■ What is needed
Retype the data exactly, skipping any picture in it.

■ Data extract
_ _ _ _ _ _ _

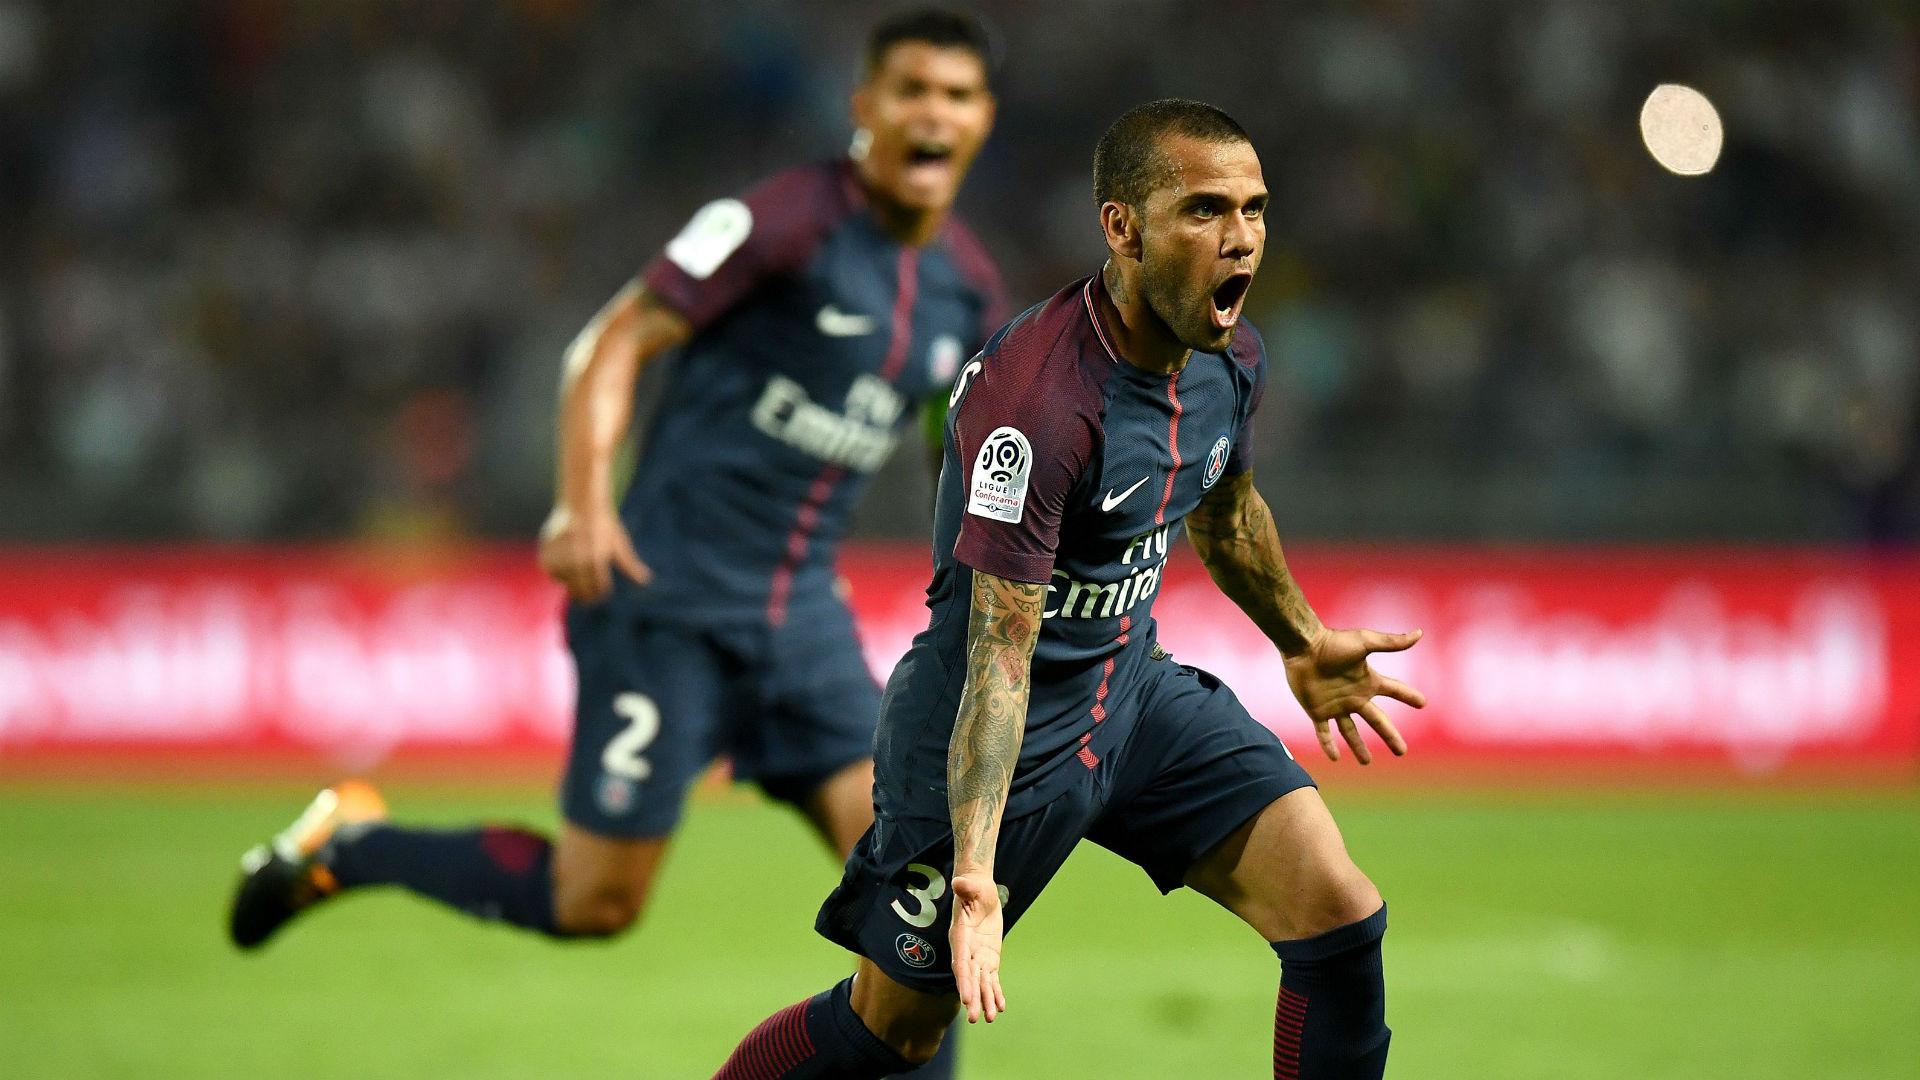 Con goles de Di María y Pastore, el PSG superó al Lille y volvió al triunfo
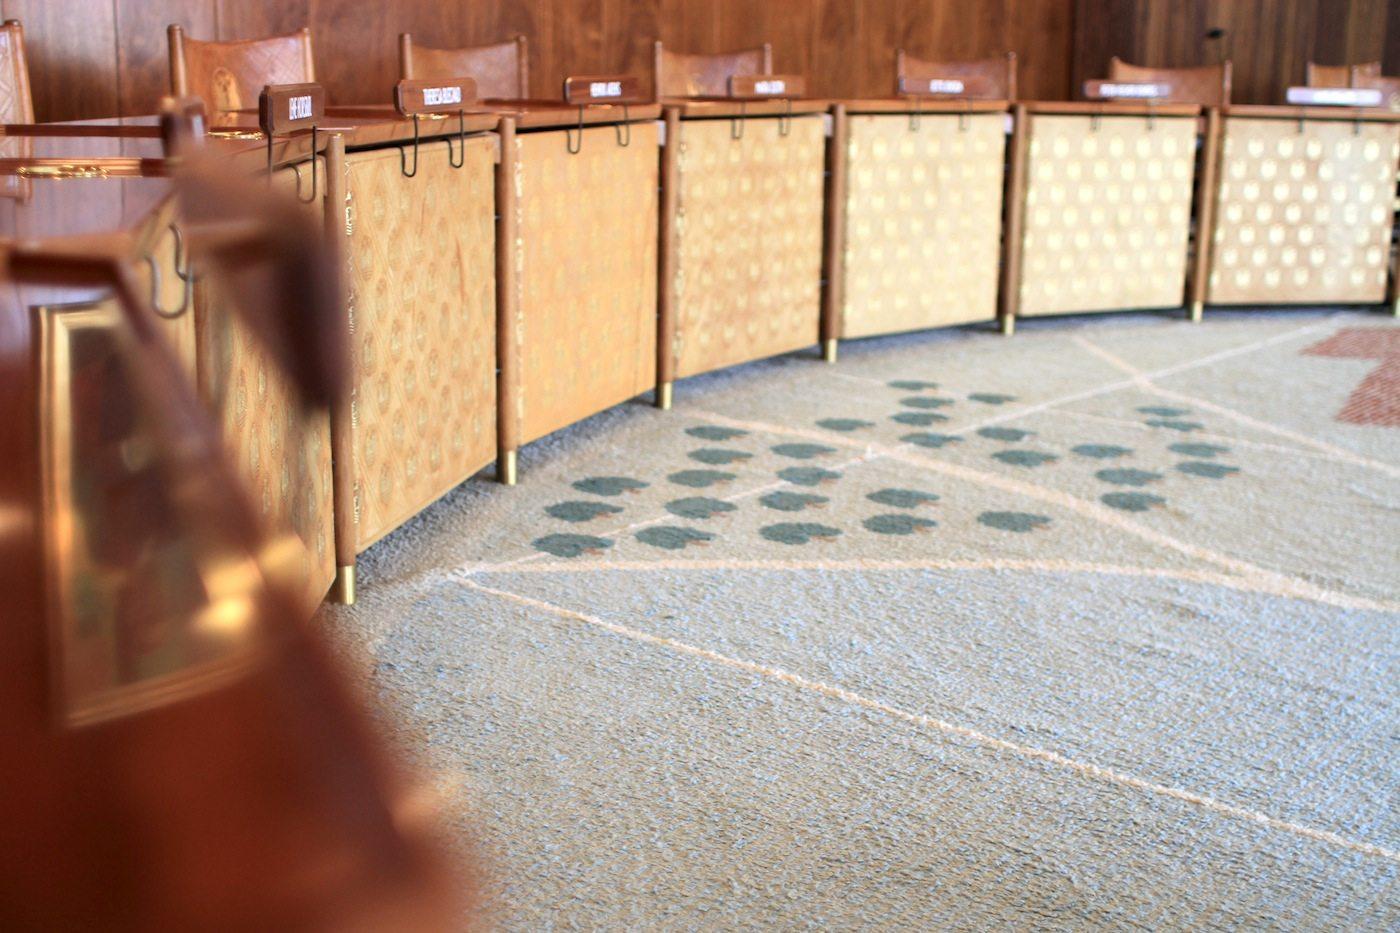 Der Ratssaal. Ein prächtiger mit kubanischem Mahagoni verkleideter Raum mit einem 250 Quadratmeter großen Noppenteppich, auf dem die Stadt von Aarhus als Karte eingearbeitet worden ist.
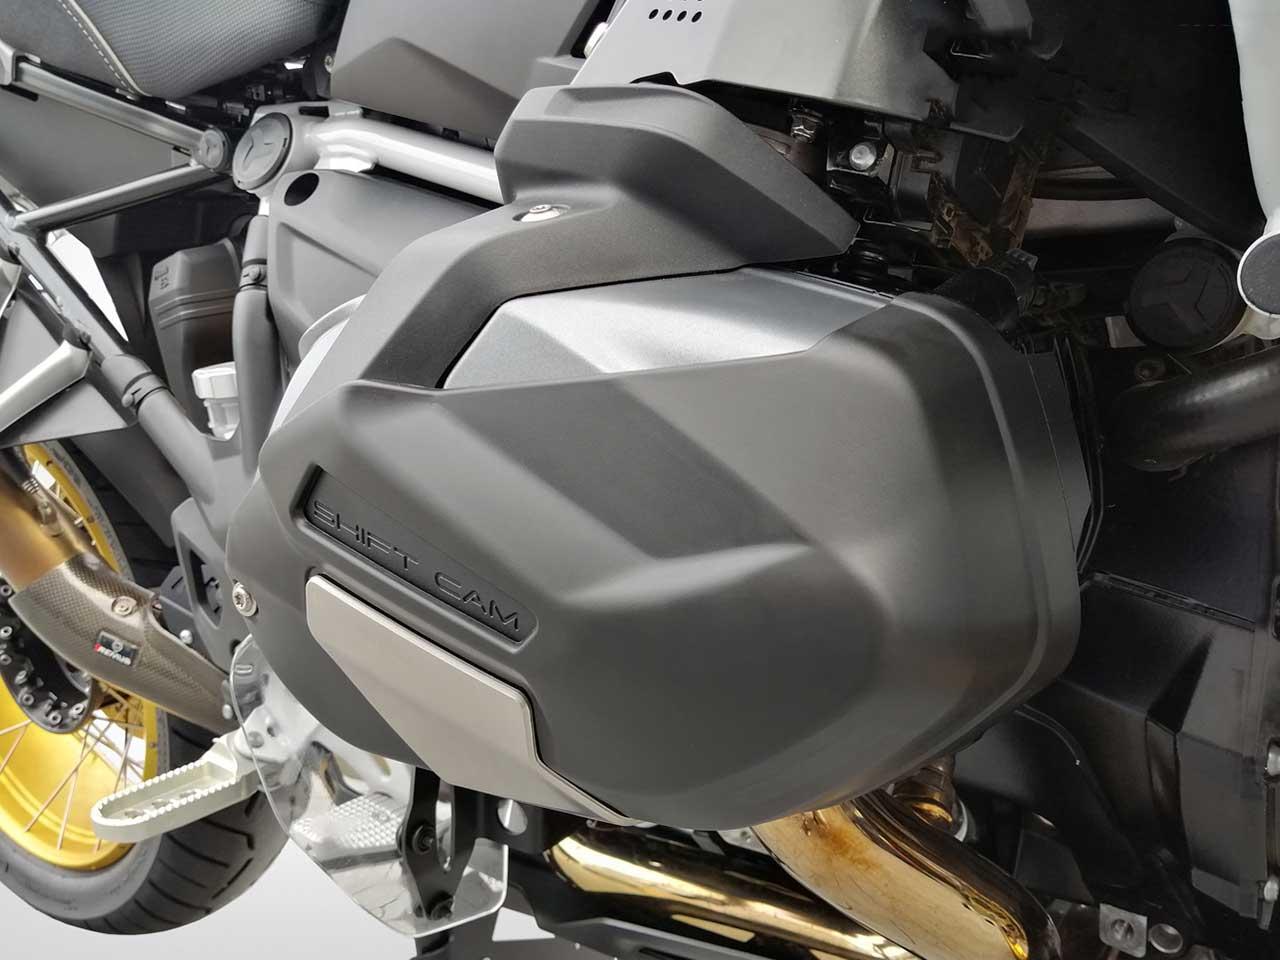 ワンダーリッヒ シリンダーヘッドカバー R1250GS / R1250R / R1250RS / R1250RT
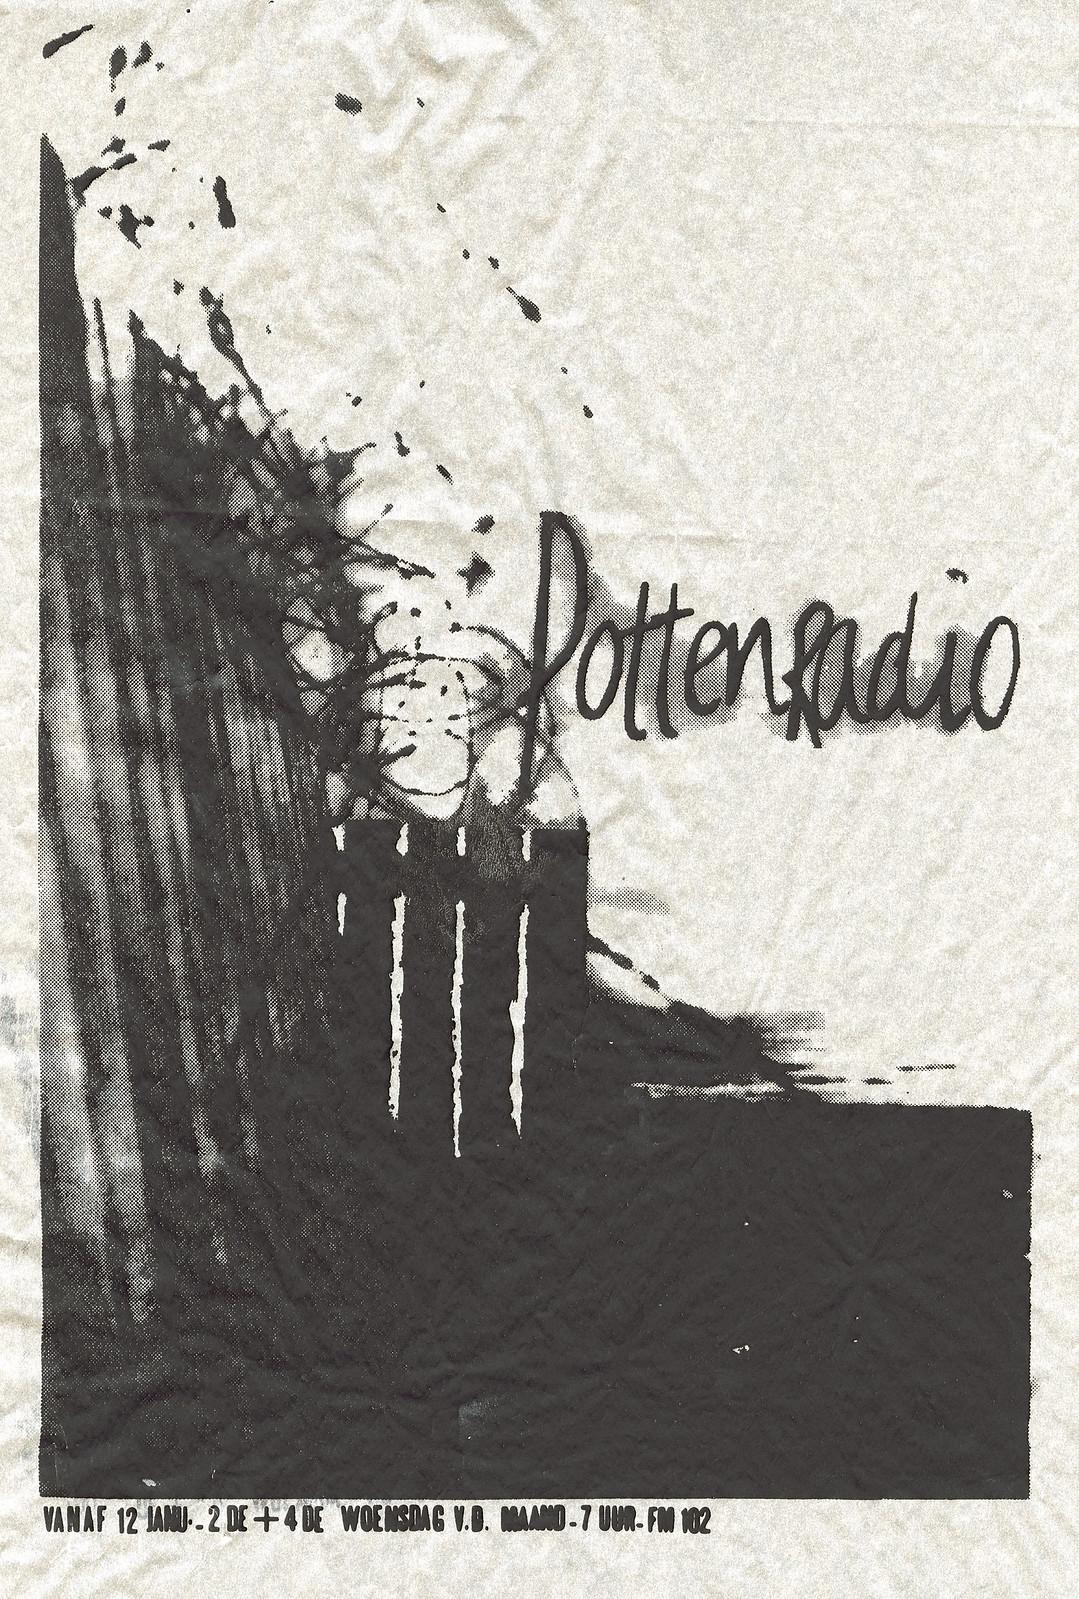 1985 Nijmeegse Pottenradio

_ _ _ _ _ _ _

■ Answer box
 Con goles de Di María y Pastore, el PSG superó al Lille y volvió al triunfo
 Der Ratssaal. Ein prächtiger mit kubanischem Mahagoni verkleideter Raum mit einem 250 Quadratmeter großen Noppenteppich, auf dem die Stadt von Aarhus als Karte eingearbeitet worden ist.
 ワンダーリッヒ シリンダーヘッドカバー R1250GS / R1250R / R1250RS / R1250RT
 1985 Nijmeegse Pottenradio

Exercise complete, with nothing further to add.